The stakes are obviously very high when as much as $250+million investment and 500+ person-years (Ref: Gartner) are needed to bring a 7nm SoC to market.
As an example, meeting a 15 percent dynamic voltage drop limit in a 7-nm design running at 500mV is extremely challenging since the design trade-off choices that affect die-size, schedule and performance must be made to achieve the desirable outcome. On-chip variation, electro-migration (EM) and ESD sign-off considerations require careful modeling of advanced extraction and foundry rules both in an N7 chip and its InFO-WLP package. Accuracy convergence methodology must be followed rigorously from register-transfer level (RTL) power budgeting, estimation and regression to the final sign-off before committing to silicon.
At our Business Unit currently we are tracking 8 customers who are designing 7-nm SoCs. Complexity of these chips can range from 2- 4+ billion logical instances, with the number of physical geometries reaching 40 billion and parasitics reaching 400+ billion. One can now say we are reaching the “Big Data” problem!
The traditional architecture of EDA tools must be transformed. Why?

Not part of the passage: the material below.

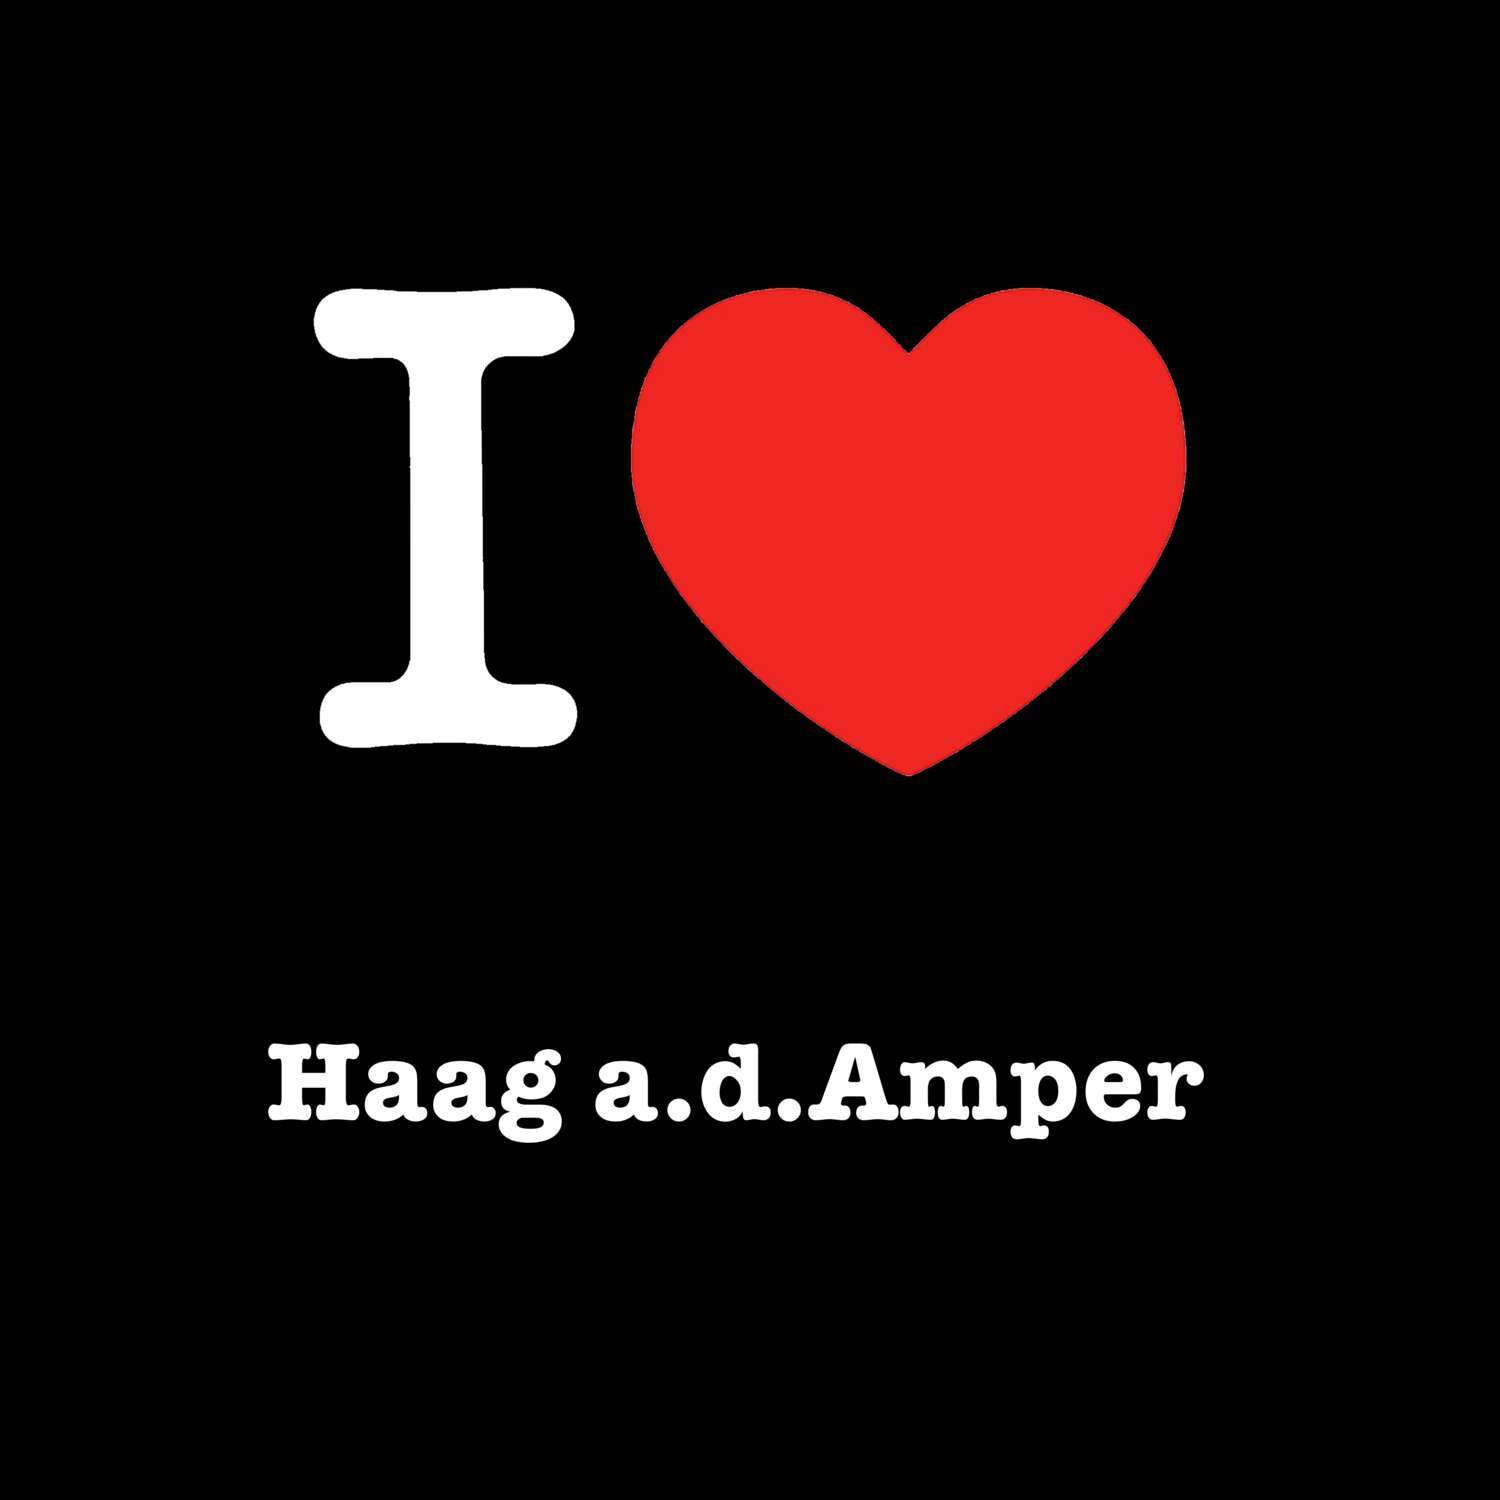 Haag a.d.Amper T-Shirt »I love«

Conventionally EDA databases have always remained in silos and are structured (SQL – structured Query Language). They all use the exact same traditional monolithic database and data model systems. e.g. netlist, layout, logic, timing, RC, timing and so on. So it has been very challenging for engineers to readily explore design alternatives for an optimal solution where one physical effect can have serious impact on the other, e.g. voltage on timing. Our purpose-built SeaScape architecture is based on the principles of Big data elastic-compute principles to address these challenges since it enables a designer to run hundreds of what-if experiments in the time it used to take to build a single prototype, and create highly optimized designs.
To do this you will need to move away from the traditional silo-based design flow to a chip-package-board co-simulation workflow and methodology.
By leveraging chip-package-system flows and methodologies to target 7-nm technologies, one can achieve faster design convergence along with considerable business advantages. You can additionally profit from the reduced power consumption, higher speed and density improvements available from the 7-nm process node. Such simulation flows and solutions have to meet two broad requirements to make a meaningful impact: they must provide multi-physics sign-off accuracy and coverage, and enable accelerated design closure and optimization.
In addition, signal integrity analyses need to expand beyond traditional “SI” or cross-talk focus to include coupling of power rail and signal noise to predict jitter and noise coupling both inside and outside the chip to meet stringent DDR, SerDes data rate specifications.